Seydou Junior Haidara

No. 80
- Position: Wide receiver

Personal information
- Born: March 5, 1989 (age 37) Quebec City, Quebec, Canada
- Listed height: 6 ft 1 in (1.85 m)
- Listed weight: 215 lb (98 kg)

Career information
- University: Laval
- CFL draft: 2013: 2nd round, 12th overall pick

Career history
- 2013–2015: BC Lions
- 2015: Hamilton Tiger-Cats*
- 2015: Saskatchewan Roughriders
- 2016–2018: Montreal Alouettes
- * Offseason or practice squad member only

Awards and highlights
- Vanier Cup champion (2012);
- Stats at CFL.ca

= Seydou Junior Haidara =

Canadian football player (born 1989)

Seydou Junior Haïdara (born March 5, 1989) is a Canadian former professional football wide receiver. After the 2012 CIS season, he was ranked as the 11th best player in the Canadian Football League’s Amateur Scouting Bureau final rankings for players eligible in the 2013 CFL draft, and seventh by players in Canadian Interuniversity Sport. He was drafted in the second round and 12th overall by the BC Lions in the 2013 CFL draft. He played CIS football with the Laval Rouge et Or.

==Professional career==

===BC Lions===
Haïdara was drafted by the BC Lions of the Canadian Football League, with the 3rd pick of the 2nd round (12th overall) of the 2013 CFL draft. He was signed by the Lions on May 27, 2013.

===Hamilton Tiger-Cats===
Haïdara was traded to the Hamilton Tiger-Cats on May 6, 2015 in exchange for a fifth round pick in the 2015 CFL draft.

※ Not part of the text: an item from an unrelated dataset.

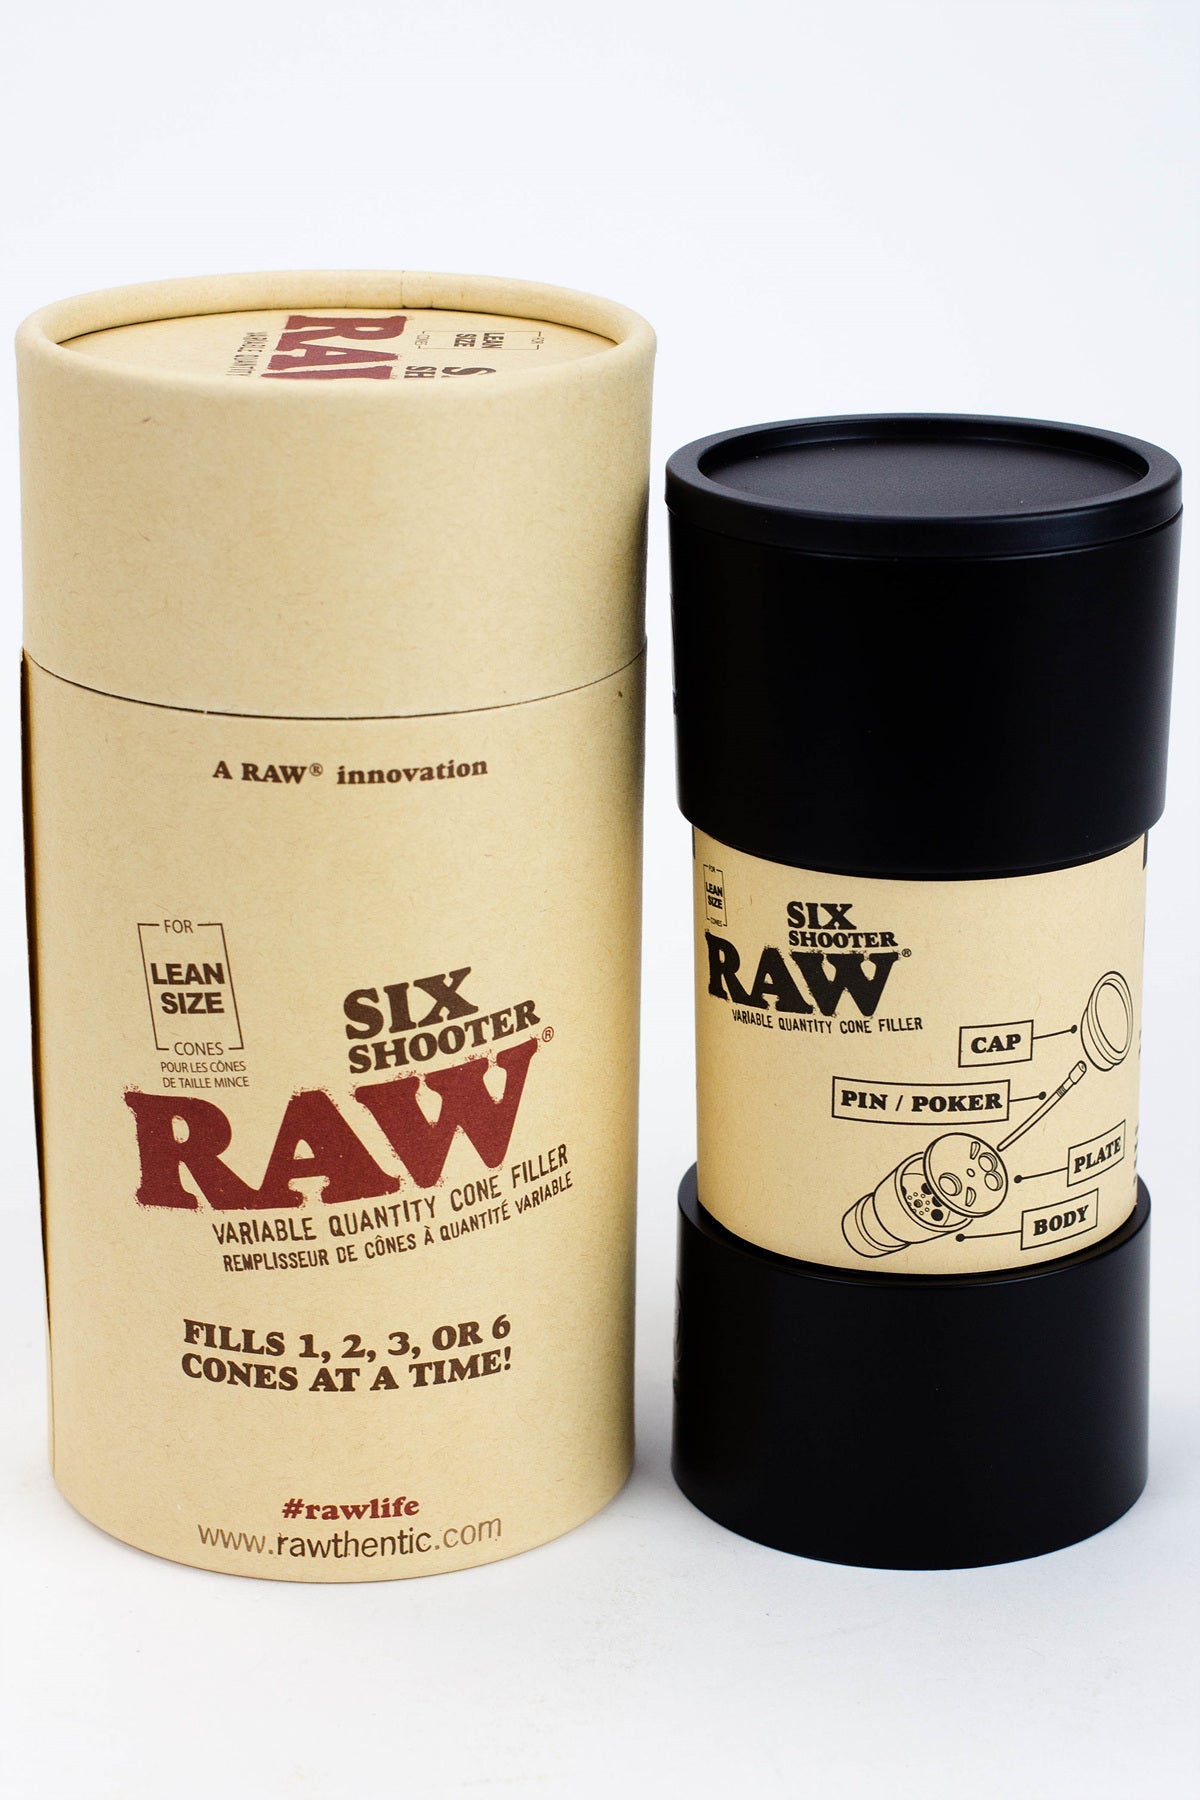 Raw six shooter for Lean size cones_0

===Saskatchewan Roughriders===
On June 23, 2015, Haidara was added to the Saskatchewan Roughriders' practice roster. He dressed in nine games and registered eight catches for 58 yards. On June 13, 2016, Haidara was released.

===Montreal Alouettes===
On August 29, 2016, Haidara signed with the Montreal Alouettes. He retired on March 7, 2019.